# which is the best way to power your tools



## Bob Mariani (Dec 1, 2008)

What skills do you have? What type of work are you planning to do? This would determine the best tools to use. For handyman work all you need is battery powered tools.


----------



## jerryh3 (Dec 10, 2007)

Deleted


----------



## Gary_602z (Nov 15, 2008)

howitt said:


> hello, I am going to start doing handyman jobs which would include renovations, repairs and maintenance and I am wondering what type of tools are best to use, tools powered by an air compressor, battery or generator?


Depends on what tools and the job. You can use a circular saw on a generator. But I sure wouldn't want to use a battery one!

Gary


----------



## ponch37300 (Nov 27, 2007)

You need all. There is a time and place to use each tool. What tools do you have now and what tools will you be using? I would make sure you have an electric version of every tool you will be using. Cordless are nice but the battery life for some isn'ta the best and sometimes you just need the power of electric tools.

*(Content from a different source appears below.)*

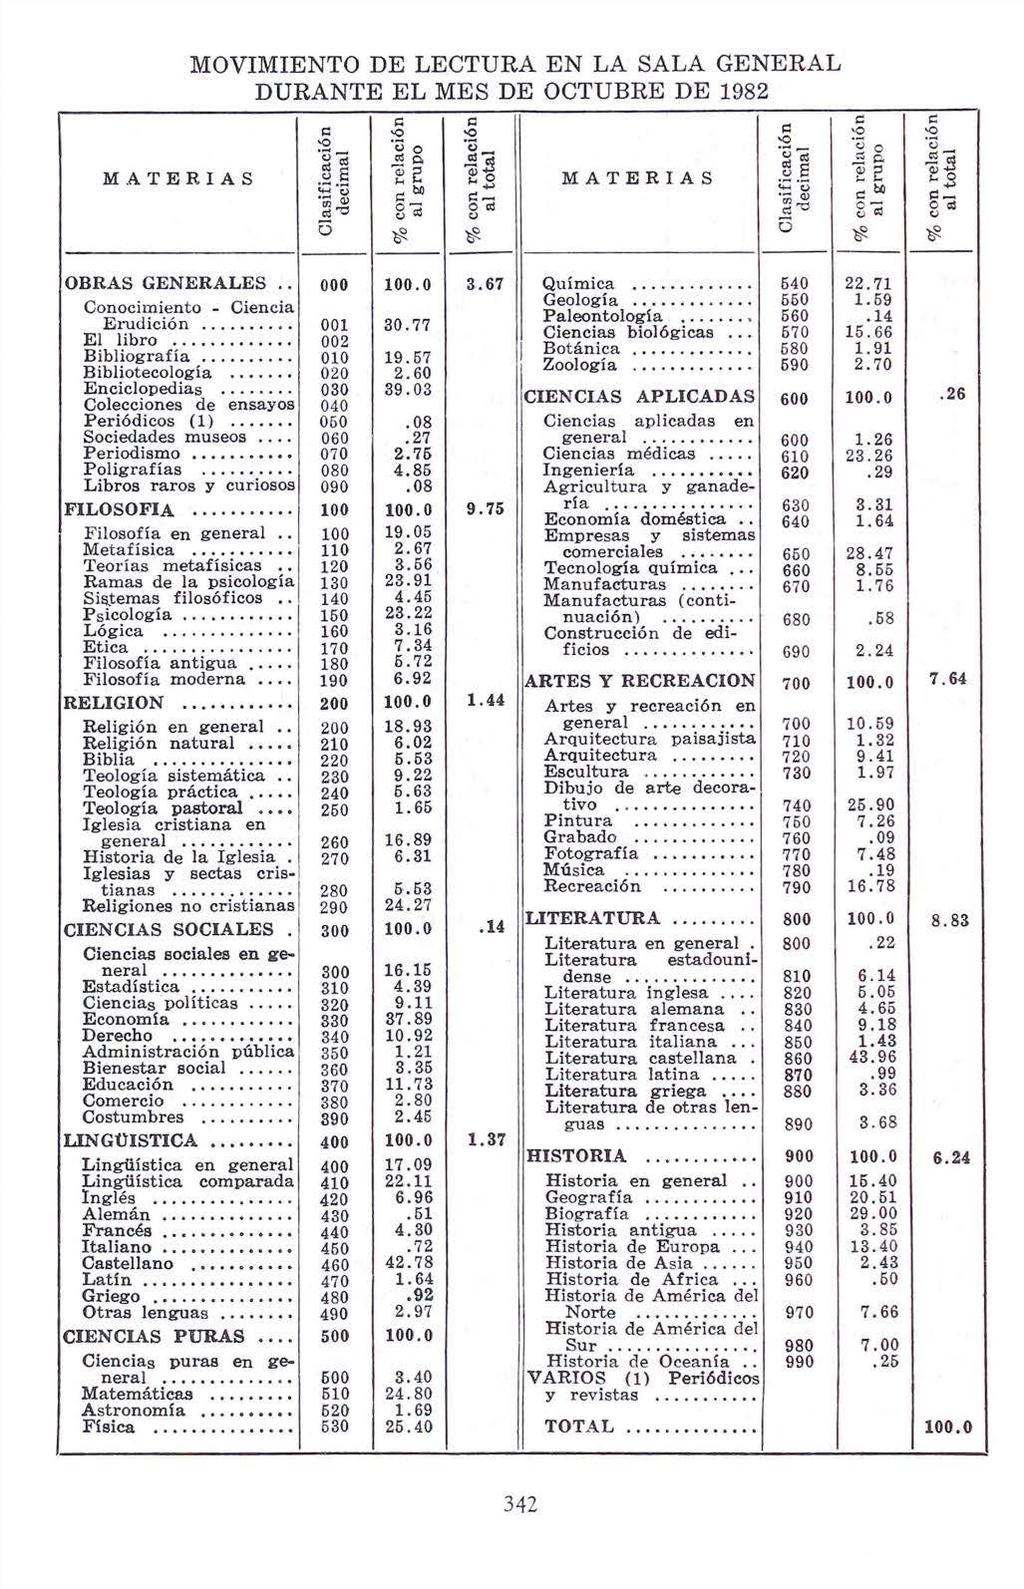 MOVIMIENTO DE LECTURA EN LA SALA GENERAL DURANTE EL MES DE OCTUBRE DE 1982 e: Erudición........ El libro... Bibliografía Bibliotecologia.... Enciclopedias.... Colecciones de ensayos Periódicos (1).

Air compressors for nail guns and other things. Generator can power any electric tool you have as long as you get a big enough one. You have to look at how and where you will be using the tools.


----------



## howitt (Mar 4, 2009)

I want to use my tools for a myriad of jobs. Sometimes for simple tasks like hanging window coverings and assembling furniture and other times for demanding work like deck building, masonry, framing, etc. Cordless drills I'm not worried about its the saws that concern me... are there even cordless saws capable of handling deck building, masonry or framing work?


----------



## Scuba_Dave (Jan 16, 2009)

I don't have a single battery operated tool at my house
Working on my own house I prefer corded
A friend has a compressor that I borrow, he has a nail gun
I haven't used it, instead I hammer by hand


----------



## Bob Mariani (Dec 1, 2008)

howitt said:


> I want to use my tools for a myriad of jobs. Sometimes for simple tasks like hanging window coverings and assembling furniture and other times for demanding work like deck building, masonry, framing, etc. Cordless drills I'm not worried about its the saws that concern me... are there even cordless saws capable of handling deck building, masonry or framing work?


Yes, any of the 18V units with good blades will work fine. Also buy a quick charger and extra batteries.


----------



## Bob Mariani (Dec 1, 2008)

Scuba_Dave said:


> I don't have a single battery operated tool at my house
> Working on my own house I prefer corded
> A friend has a compressor that I borrow, he has a nail gun
> I haven't used it, instead I hammer by hand



you are joking right?


----------



## Scuba_Dave (Jan 16, 2009)

Nope...24x36 garage/great room over & walk up attic by hand


----------



## Thurman (Feb 9, 2009)

I'm with Dave, I own one battery operated drill, and use it sparingly. Maybe I'm "old school" to much, I'll admit I'm 60, but I like hand tools. NO, I don't cut lumber with a hand saw, just special cuts. I prefer to nail by hand and "feel" what I am doing. I cut trim with a power saw, and cope with a hand coping saw. Yes, my friends will tell you I am different. One old girlfriend even tells people that years ago I would only have sex standing up in a hammock. . Have a great day.


----------